Re: AoA data merging
by Jaap (Curate) on Mar 10, 2003 at 20:49 UTC
    I do not know the reason why you created such a complex data strucxture for the points (@data), but i would start with making that simpler.
    @data = ( [ [2289290.30567314, 507448.506452598], [2289282.72943502, 507410.155776398], [2289149, 507002.0625], [2289055.31527948, 506731.474946477], ], [ [2289563.40820205, 512818.142015762], [..., ...] ], );
    Or, you could use Math::Complex (see Genetic Algorithms in Perl) to use 2D points (vectors) and predefined functions for working with them.

      The reason it is so complex is that the Point class included here is but a minimalist version that only contains the elements needed to demonstrate this issue, the objects are actually more complex Geo::ShapeFile::Point objects, with much more information than X and Y coordinates. I could have demonstrated this by including the real data, but I think people would frown upon multi-gigabyte nodes :)

Re: AoA data merging
by graff (Chancellor) on Mar 11, 2003 at 06:24 UTC
    You have a clear and fairly simple (though not trivial) criterion that applies to a portion of a very large and complex data structure. One approach would be to design a relational table schema to store the full data structure; this could have one table with a record for each "road chunk", another table for each X,Y point referenced by a road chunk, and perhaps a third table that relates the chunk records to the point records. By structuring the data this way, it will be easier to identify and manipulate just the information that you need to solve the joining problem (in fact, you probably want yet another table to hold the "chunk-chain" findings).

    In fact, just breaking the problem down into separate data structures (tables) this way might clarify what the algorithm needs to do, whether or not you actually end up using an RDBMS.

    It may be sufficient just to have the set of X,Y points as a unified data structure, with info on which road-chunk(s) each point belongs to; joining the road chunks is now just a matter of determining, for each point, how many road chunks contain it, and whether two (or more?) chunks have a given point as a terminus.

    In other words, you started with an array of chunks, with each chunk containing an array of points -- try making a different structure the other way around: an array of points, and each one cites one or more road-chunks that it is a part of. This would be easiest if the point array is actually a hash, keyed by the X,Y coordinates.
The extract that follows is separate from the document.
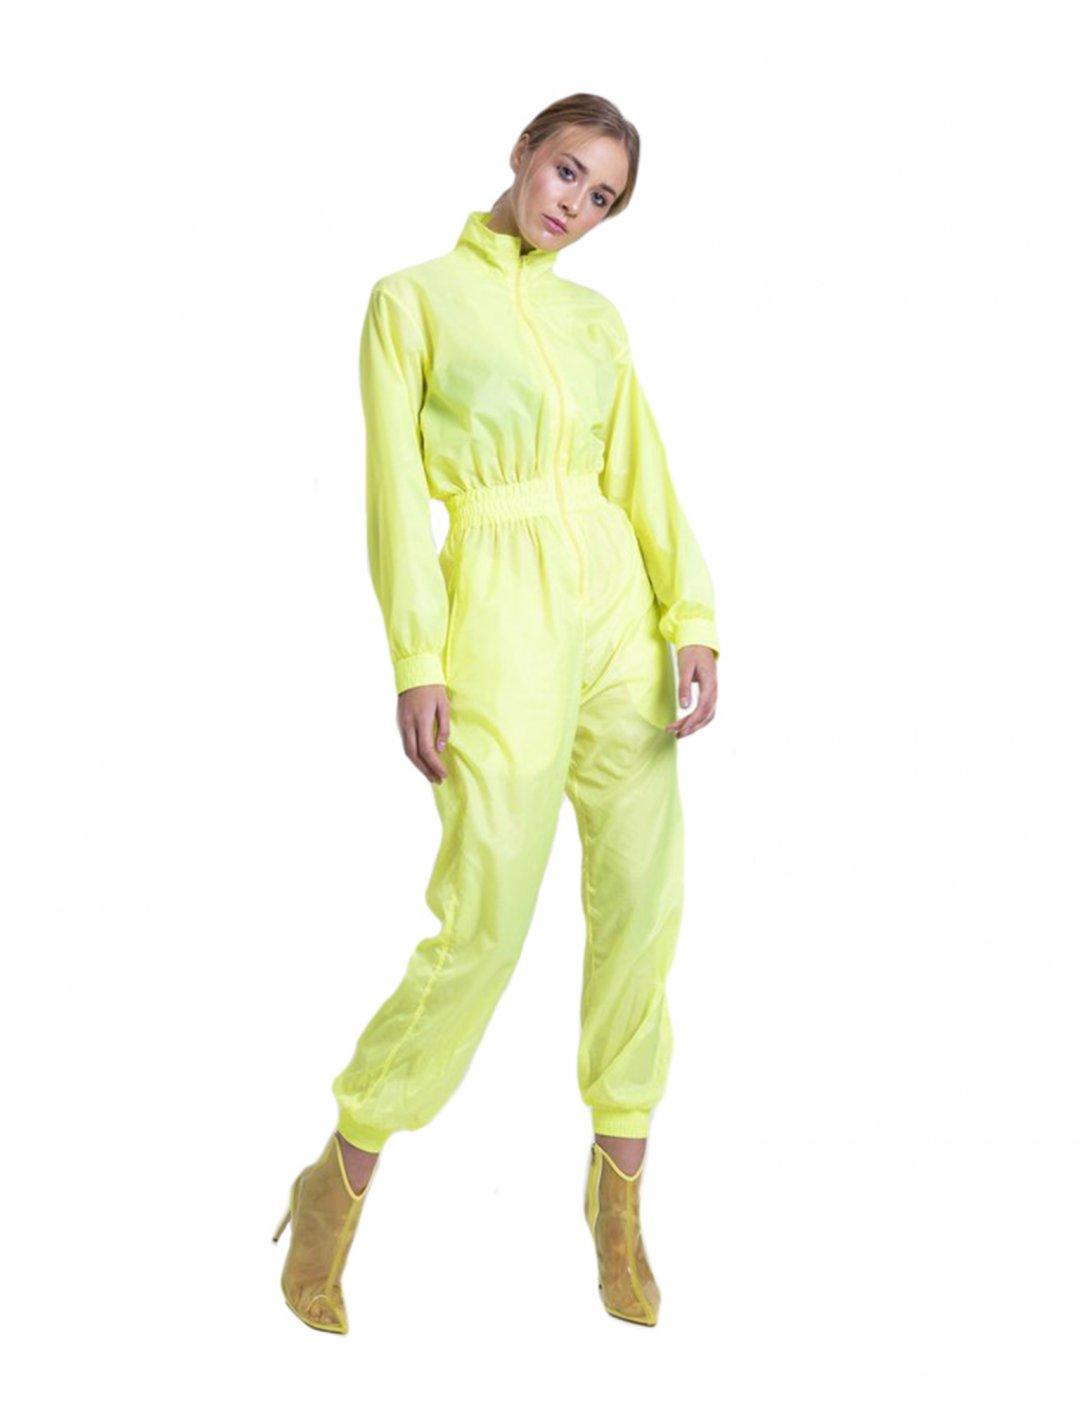 Raja Kumari's Jumpsuit Clothing Laroxx

    my %pointdata; my @chunkends; for ( my $i=0; $i<@data; $i++ ) # road-chunks { for ( my $j=0; $j<@{$data[$i]; $j++ ) # points in a chunk { my $key = join(",",$data[$i][$j]->{X},$data[$i][$j]->{Y}); push @{$pointdata{$key}}, sprintf("%5.5d:%5.5d",$i,$j); $chunkends[$i] = $key if ( $j == 0 ); } $chunkends[$i] .= "-$key"; } # Now the %pointdata array contains all the information # about junctures between chunks (these not necessarily # all end-point junctures -- perhaps some road chunks could # intersect at the mid-points?) Also, the @chunkends array # cites the %pointdata keys for the endpoints of each chunk; # if you only want to find end-point junctures, identify the # %pointdata keys with multi-element entries and grep for # each one among the strings in @chunkends.
    None of that is tested, but I hope it might be helpful.

      In other words, you started with an array of chunks, with each chunk containing an array of points -- try making a different structure the other way around: an array of points, and each one cites one or more road-chunks that it is a part of. This would be easiest if the point array is actually a hash, keyed by the X,Y coordinates.

      Although this is a good idea, the problem with this approach is that order matters, if the points of the arrayrefs get rearranged it can change the results. This does suggest an alternate approach that I will have to play with though, if I were to put just the ends of each chunk into a simpler data structure, I could order them using only two points per chunk, then it would be pretty easy to identify which chunks those end-points are associated with, it's likely that would eliminate some of the problems I've been having with my earlier approach.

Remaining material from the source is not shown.